Although the records contain pictures, none belong in the copy: restate word for word only the lines from the one with "foot kicking ball" through the one with "Impermeabilizaciones de fachadas: Servicios", both included.

GIVEN RECORDS Block Start

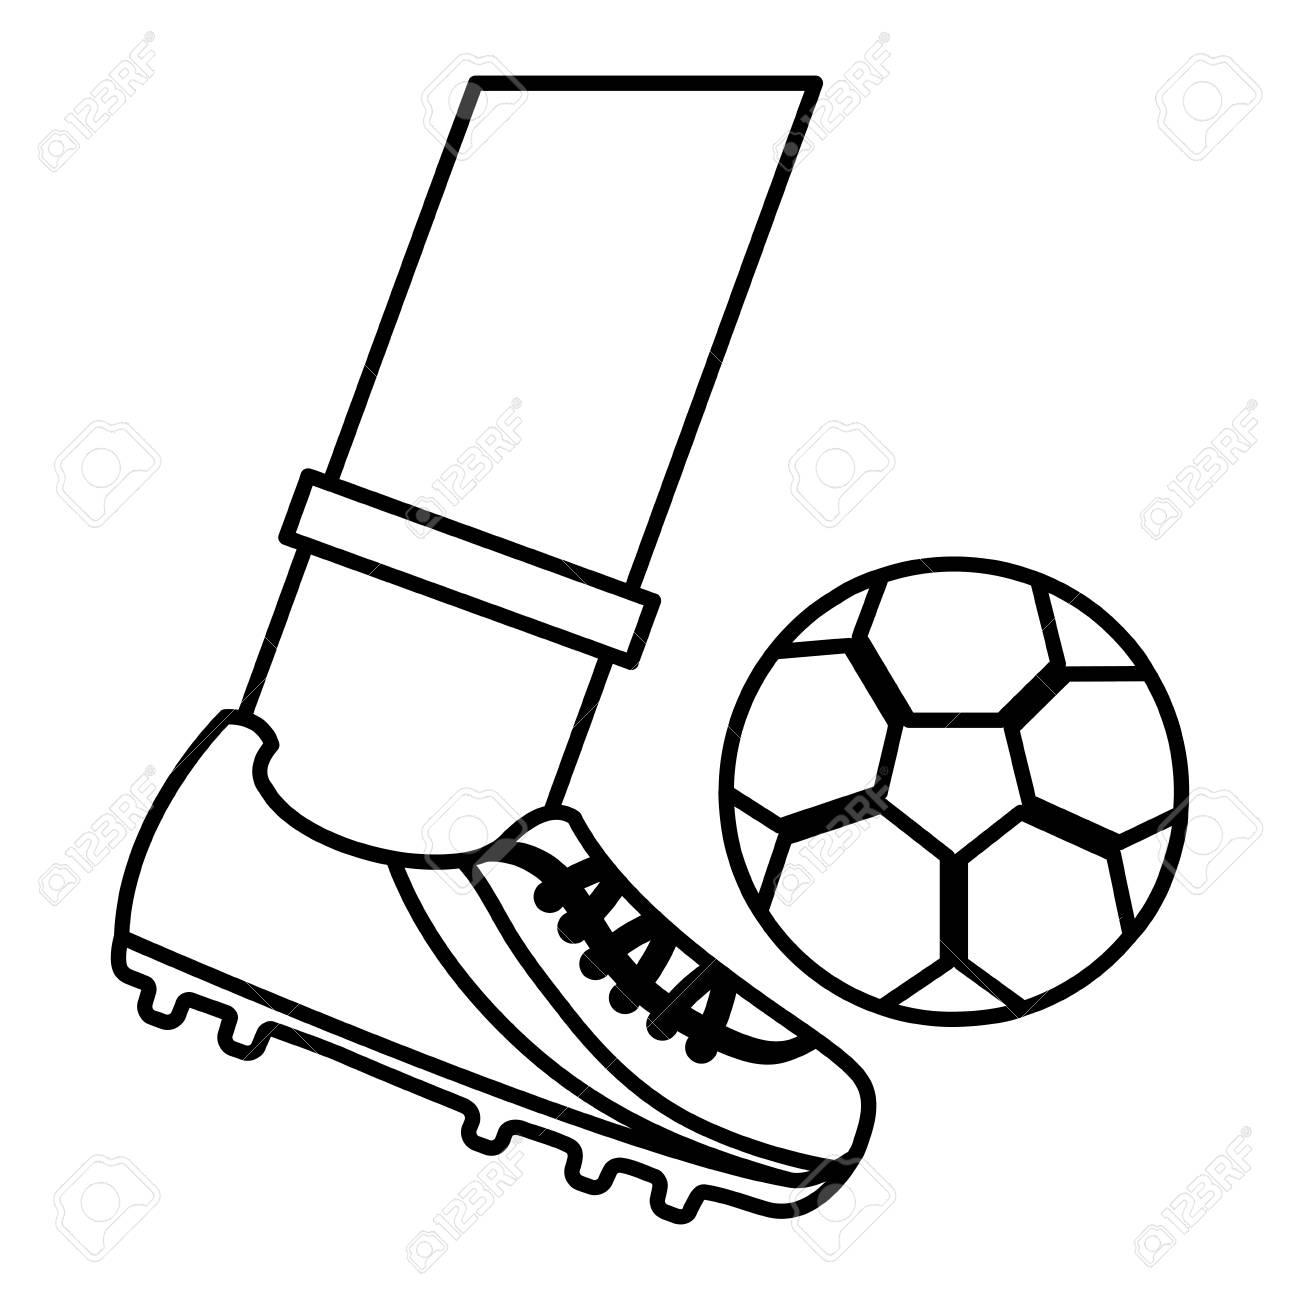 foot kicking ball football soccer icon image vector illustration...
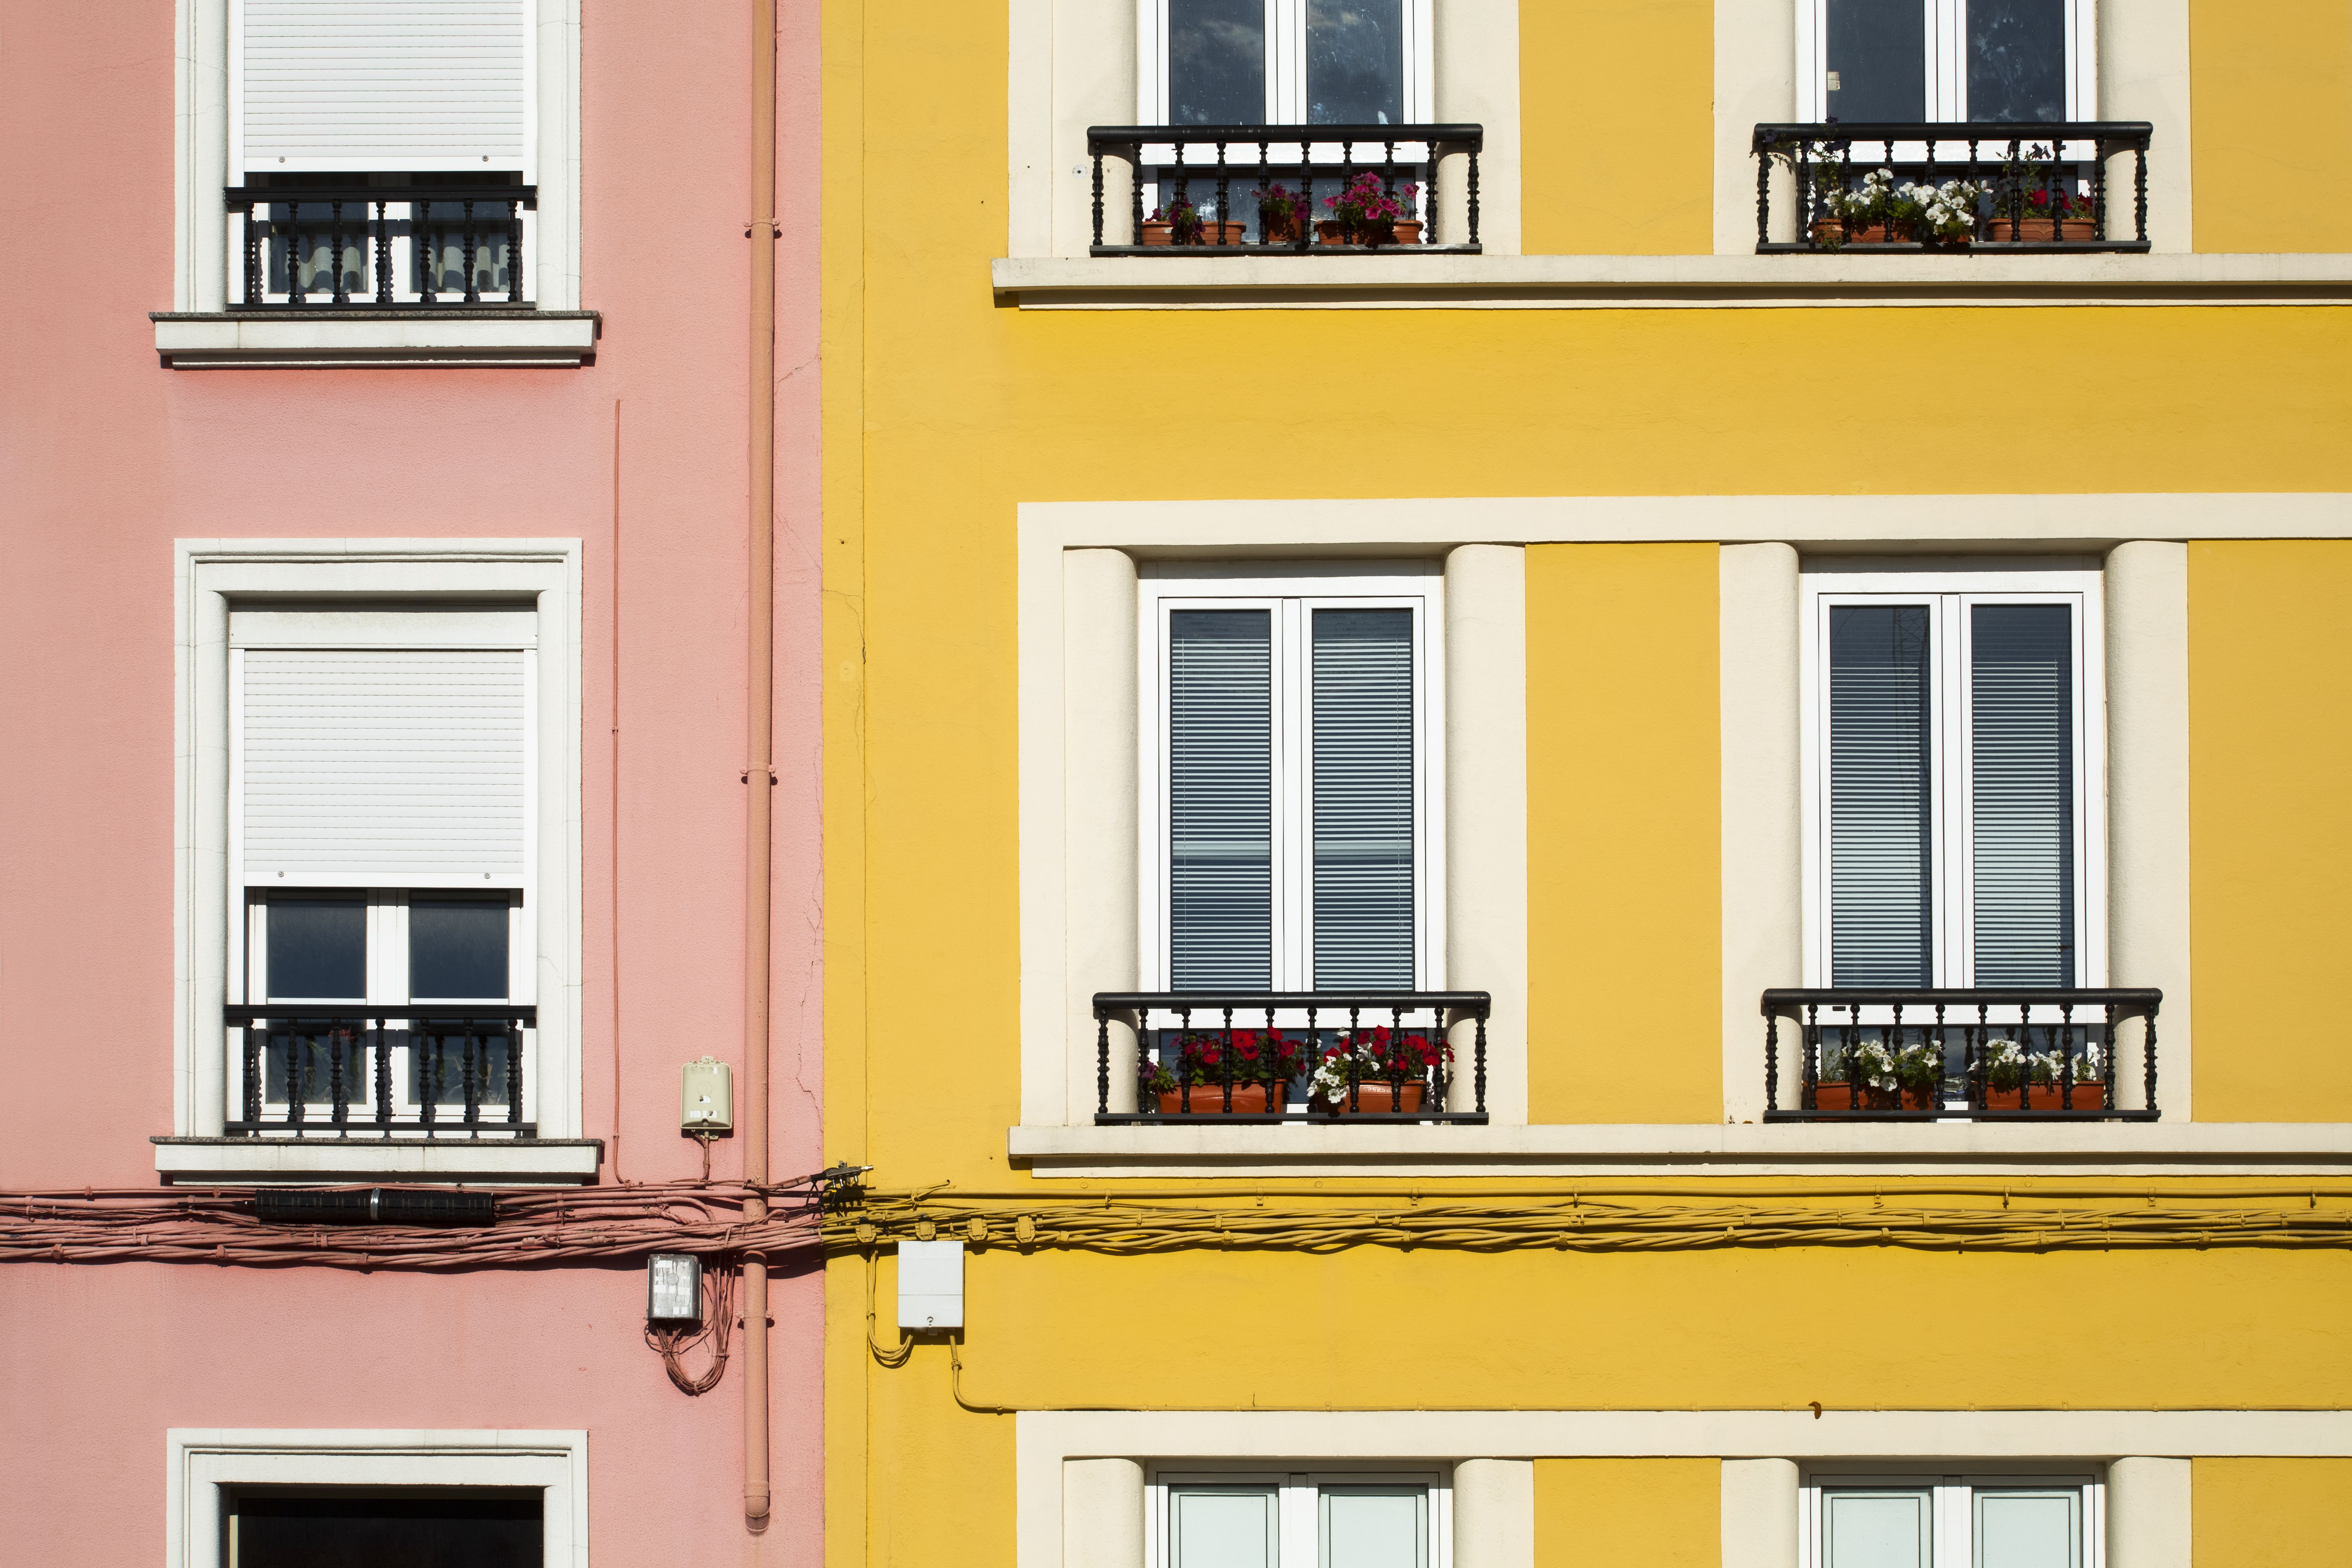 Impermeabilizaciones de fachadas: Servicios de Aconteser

GIVEN RECORDS Block End
GIVEN RECORDS Block Start

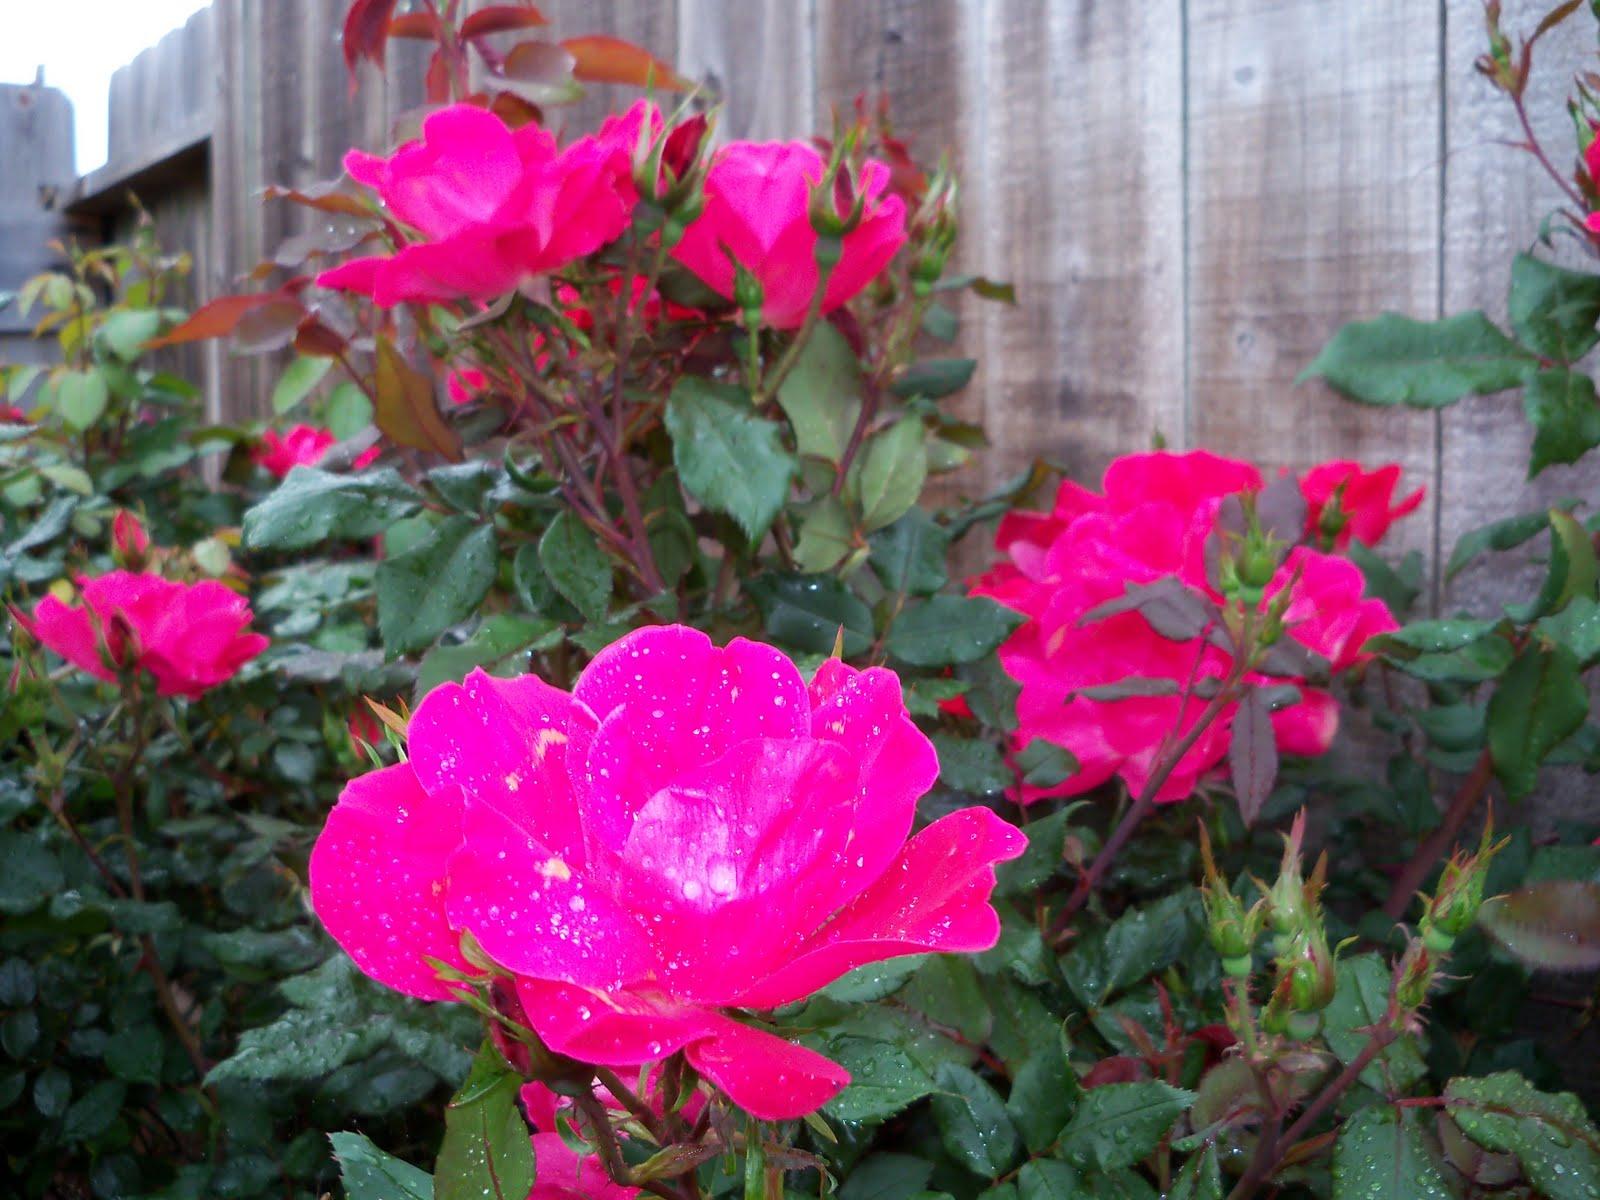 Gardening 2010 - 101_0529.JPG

GIVEN RECORDS Block End
GIVEN RECORDS Block Start

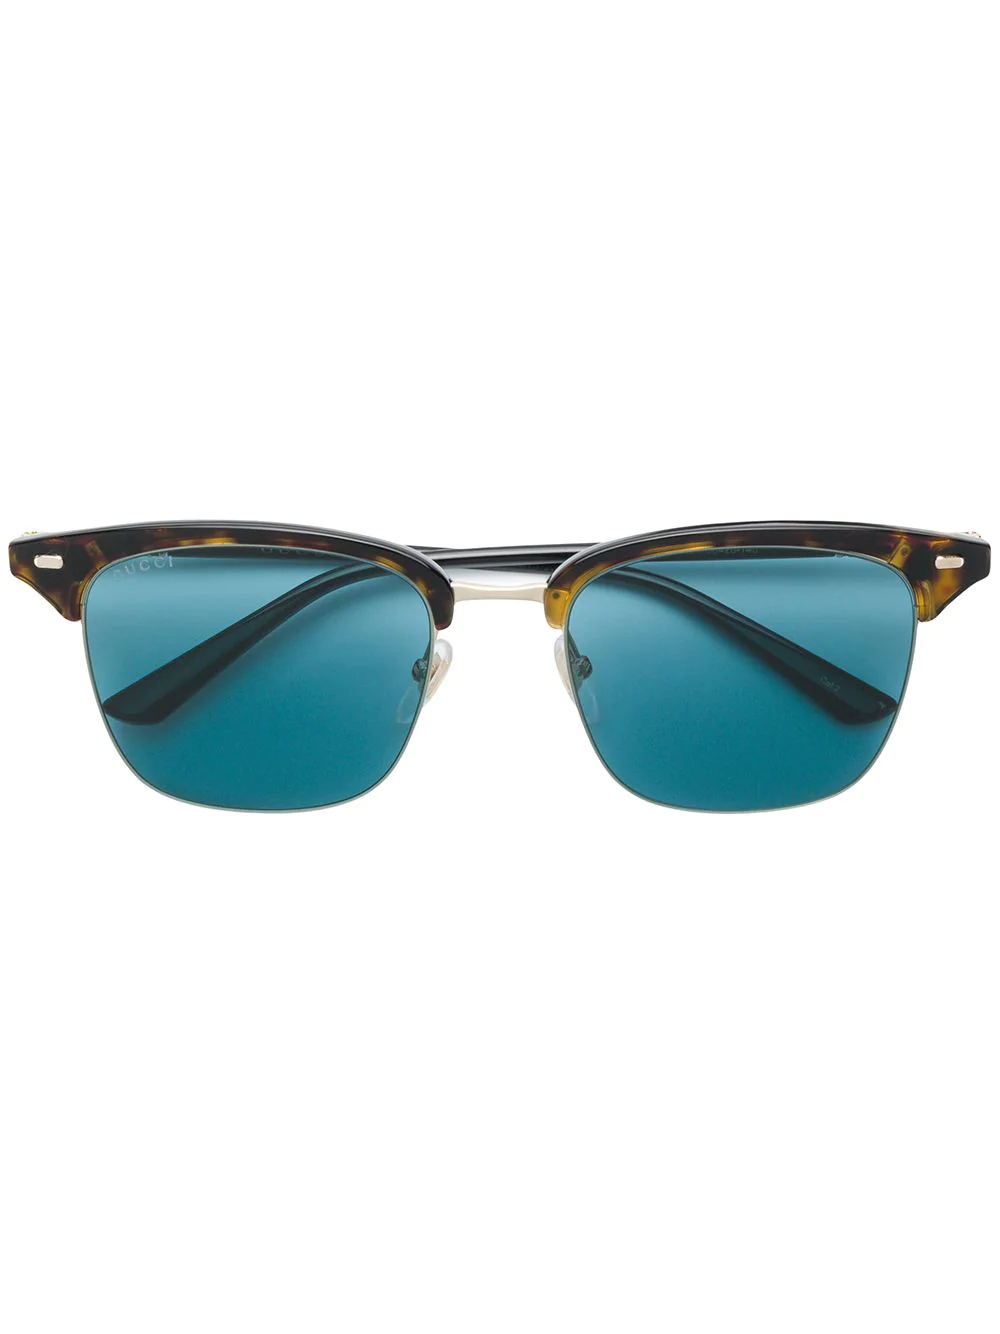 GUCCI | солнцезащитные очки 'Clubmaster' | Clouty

GIVEN RECORDS Block End

[SOLUTION TO THIS TASK]
 foot kicking ball football soccer icon image vector illustration...
 Impermeabilizaciones de fachadas: Servicios de Aconteser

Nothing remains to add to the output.